SAWT BEIRUT INTERNATIONAL

| 28 January 2023, Saturday |

Après la visite de Poutine…Craintes d’entraîner la Biélorussie dans la guerre

La visite du président russe Vladimir Poutine en Biélorussie a fait craindre qu’il n’entraîne Minsk dans la guerre en Ukraine, le dirigeant russe et son homologue biélorusse Alexandre Loukachenko annonçant davantage d’exercices conjoints et Kiev mettant en garde contre une éventuelle nouvelle invasion du nord.

La dirigeante de l’opposition biélorusse, Svyatlana citée par Newsweek, a déclaré que son pays n’était « pas à vendre ».

Poutine a effectué une rare visite en Biélorussie hier pour la première fois depuis le début de la guerre ukrainienne en février, au milieu de spéculations selon lesquelles il tente de « renforcer le bras de Loukachenko pour s’impliquer davantage dans son invasion chancelante ».

Bien que Loukachenko n’ait pas envoyé de troupes en Ukraine, il a été l’un des rares dirigeants mondiaux à soutenir publiquement la guerre largement condamnée, notant que son gouvernement entretient des liens étroits avec le Kremlin, permettant même aux troupes russes d’entrer en Ukraine par la frontière biélorusse, lui donnant un accès plus proche à Kiev.

La rencontre de Loukachenko avec Poutine a été condamnée par Tsikhanouskaya, une dirigeante de l’opposition pro-démocratie en Biélorussie qui vit en exil, car la liberté de dissidence est limitée dans cet État autoritaire.

Selon le rapport du magazine américain, Tsikhanouskaya a écrit sur Twitter: « La Biélorussie n’est pas à vendre. Notre indépendance n’est pas à vendre. Le dictateur Loukachenko ne peut pas conclure d’accords au nom de notre peuple, il ne représente que lui-même » ajoutant que Loukachenko « assumera la responsabilité de ses crimes contre les Biélorusses et les Ukrainiens ».

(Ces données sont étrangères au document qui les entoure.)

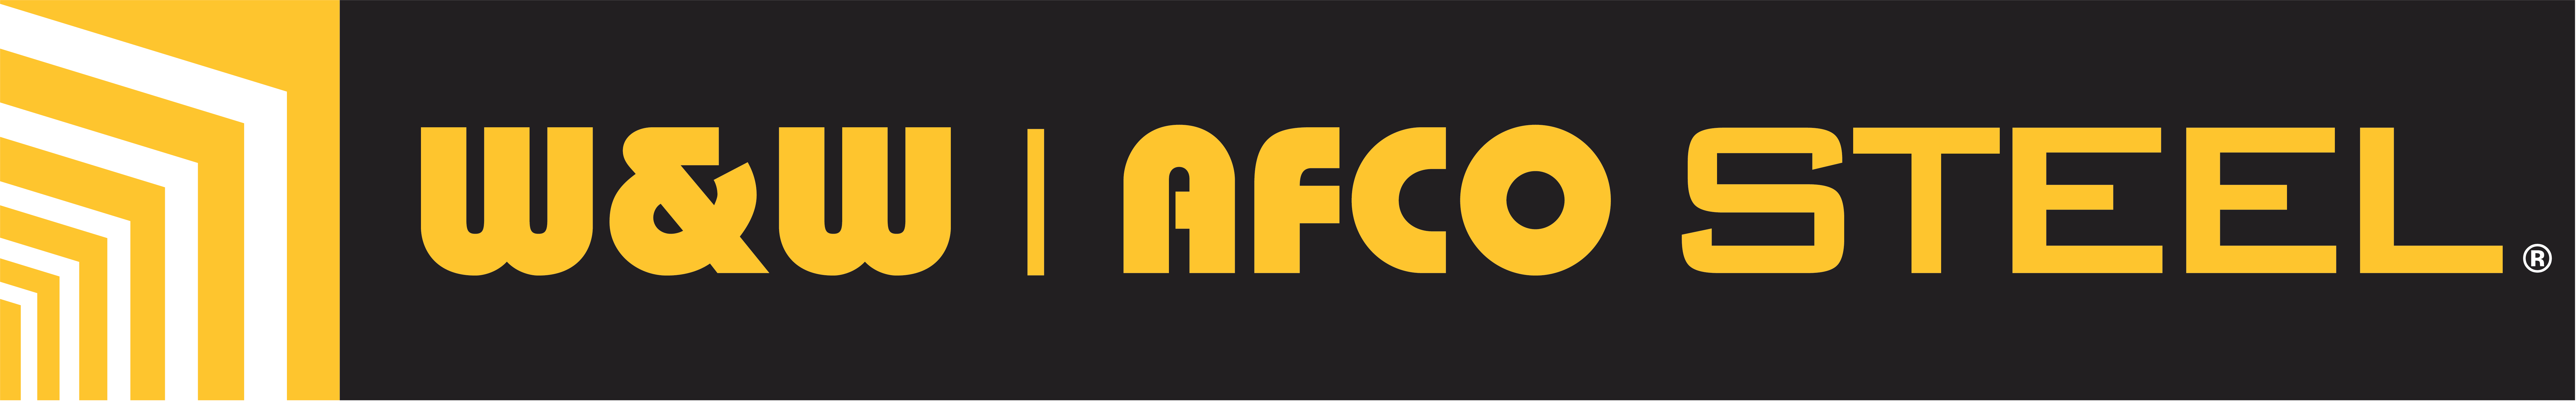 W&W|Afco Steel Logo

La réunion intervient après que la Biélorussie a intensifié les exercices militaires au cours des dernières semaines, son armée ayant annoncé la semaine dernière son intention de vérifier l’état de préparation au combat de ses forces et organisant également des exercices de lutte contre le terrorisme plus tôt ce mois-ci.

En revanche, Anna Ohanian, chercheuse principale au Carnegie Endowment for International Peace, a déclaré à Newsweek que les critiques de Tsikhanouskaya sont peu susceptibles d’influencer le discours biélorusse « parce que Loukachenko dirige un État autoritaire dans lequel la dissidence est étouffée ».

Cependant, Ohanian a déclaré qu’il est peu probable que de nombreux Biélorusses répondent à la réunion de Poutine et Loukachenko avec un soutien, soulignant les liens sociétaux profonds entre de nombreux Biélorusses et Ukrainiens qui rendraient difficile pour Loukachenko de rejoindre officiellement « l’invasion » de Poutine.

« Je pense que seuls les gens deviendront nerveux si Loukachenko tente d’entraîner la Biélorussie dans cette guerre aux côtés d’une puissance perdante. Je veux dire, tactiquement et stratégiquement, il est suicidaire pour n’importe quel pays de rejoindre cet état de guerre, où la supériorité de la Russie a été essentiellement éliminée.

La Biélorussie pourrait augmenter les exercices militaires pour attirer les troupes ukrainiennes vers le nord, laissant l’armée dans une position plus fragile dans le sud-est de l’Ukraine, comme dans la région du Donbass, qui connaît actuellement des combats intenses, mais elle a remis en question le succès des forces russes à l’exploiter.

La réunion fait suite aux avertissements répétés de l’Ukraine ces derniers jours selon lesquels les forces russes pourraient se préparer à une nouvelle offensive de la Biélorussie visant à capturer Kiev – à environ 55 miles de la frontière biélorusse – ou à perturber le flux d’armes occidentales en Ukraine via la Pologne.